Why are there different node sizes in the PathwayBuilder^TM output modes signal flow and clustered map?

The size of the nodes symbolizes the value of an attached expression level for a molecule. If you are using the ArrayAnalyzer^TM, you can in this way easily find your genes with the highest expression levels in the signaling network. For further information please see also the documentation.

I have generated a signaling pathway map. It was fairly complex with a number of upstream and downstream levels. I had to scroll through the file to see the whole pathway on the screen. I tried to save the file, but what was saved to the desktop was not the picture but the HTML file. Is there any way to print this out?

You can (in both Internet Explorer and Netscape) click with your right mouse button on the picture, then choose "Save image as". In Netscape you can also choose "View image" instead, then hit the print button.

If you generated a "CASCADE" (tree output), just hit the print button.

What are your plans for the visualization?
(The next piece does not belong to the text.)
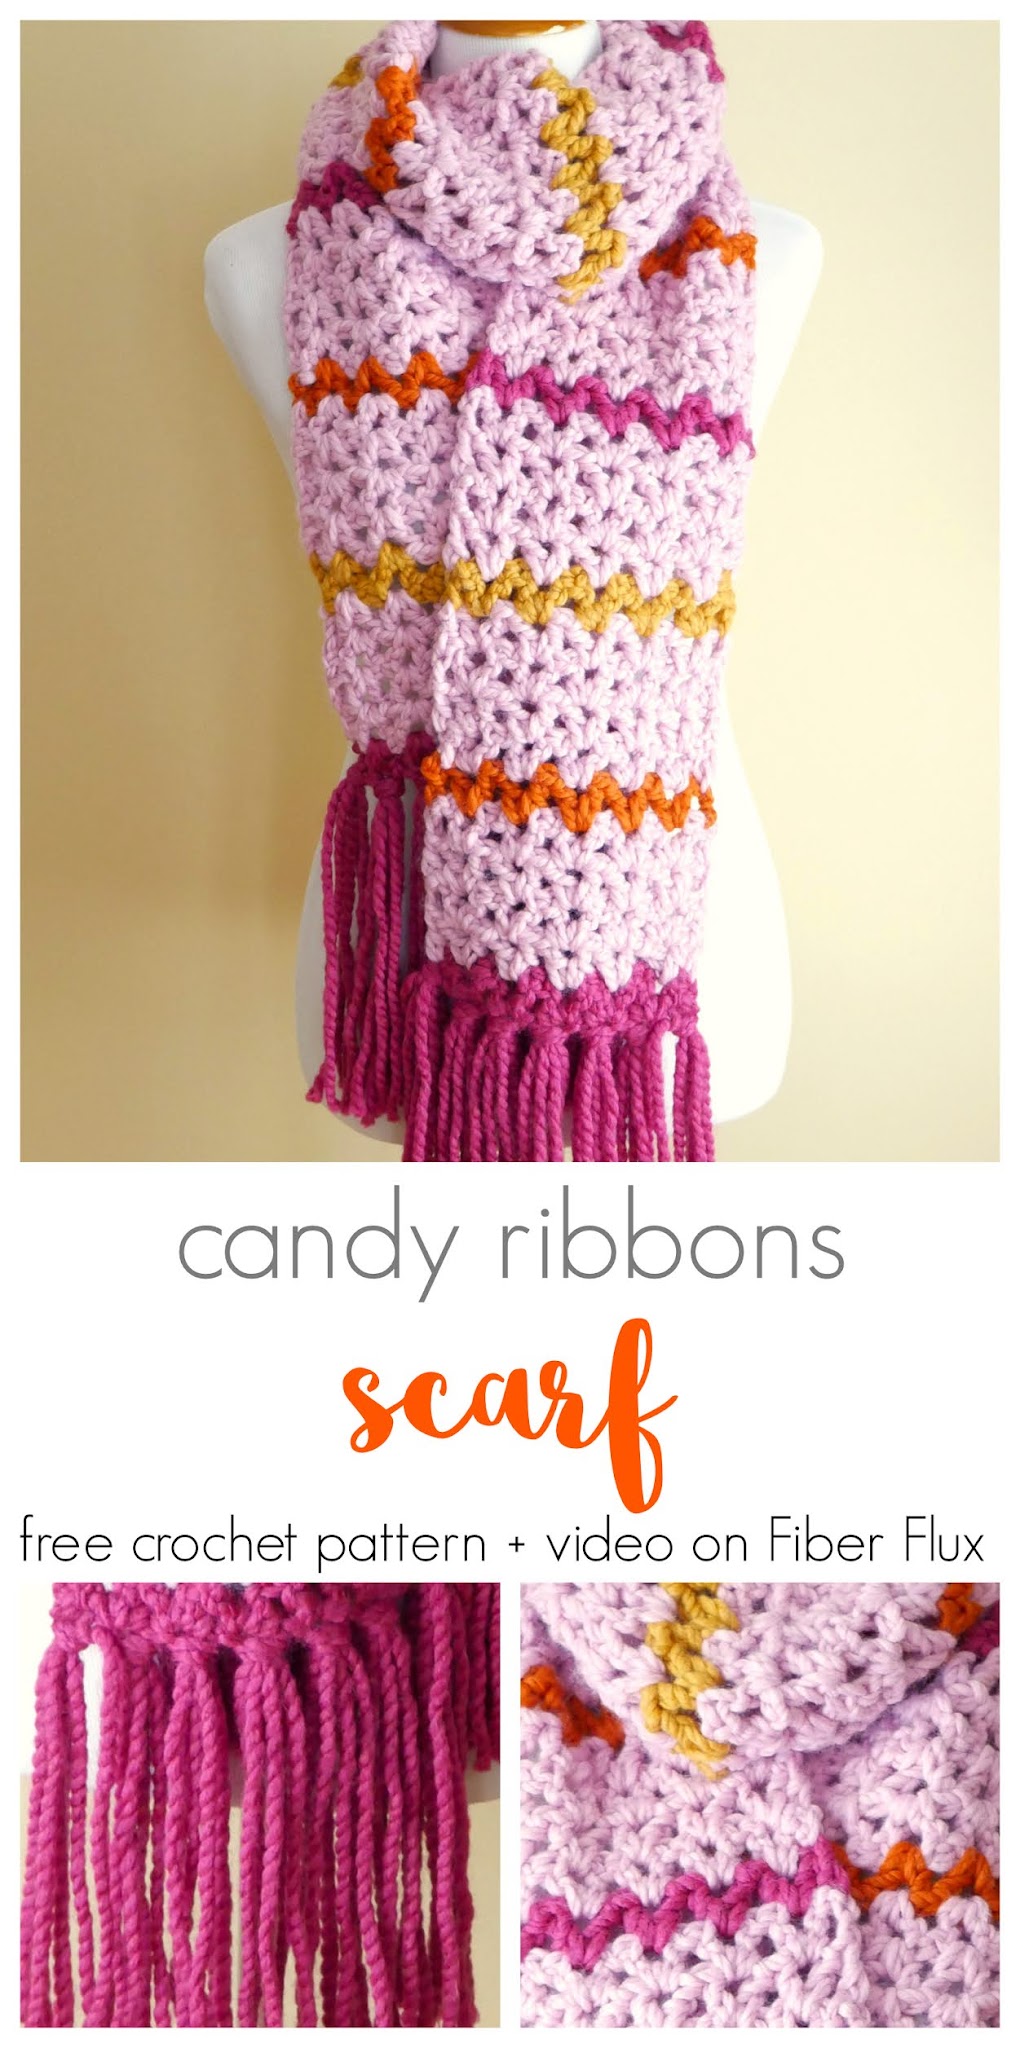 Candy Ribbons Crochet Scarf

We are currently exploring sophisticated ways to automatically lay out the networks, trying to make them look even more like that which people are used to from literature (e.g. position molecules with respect to their intracellular location such as plasma membrane or nucleus). We are collaborating with experts in graph visualization to achieve standard-setting results.
Also, we are working to apply a zoom-function to the PathwayBuilder^TM.

What is the expected date that an annotation client will be available for TRANSPATH?

A client software for customers and the relational version of TRANSPATH will not be available right now for two reasons:

Annotation for TRANSPATH needs training to fulfil the standard format and knowledge.
We offer the service contract to annotate for specific data.

What about BLAST for TRANSPATH?

A BLAST-compatible format of TRANSPATH data is provided (at cgi-bin/dat/blast/ in your package), so that you can use it with your BLAST in-house system.

Is TRANSPATH available in XML format?

Curated and quality-checked XML files are available since release 3.1.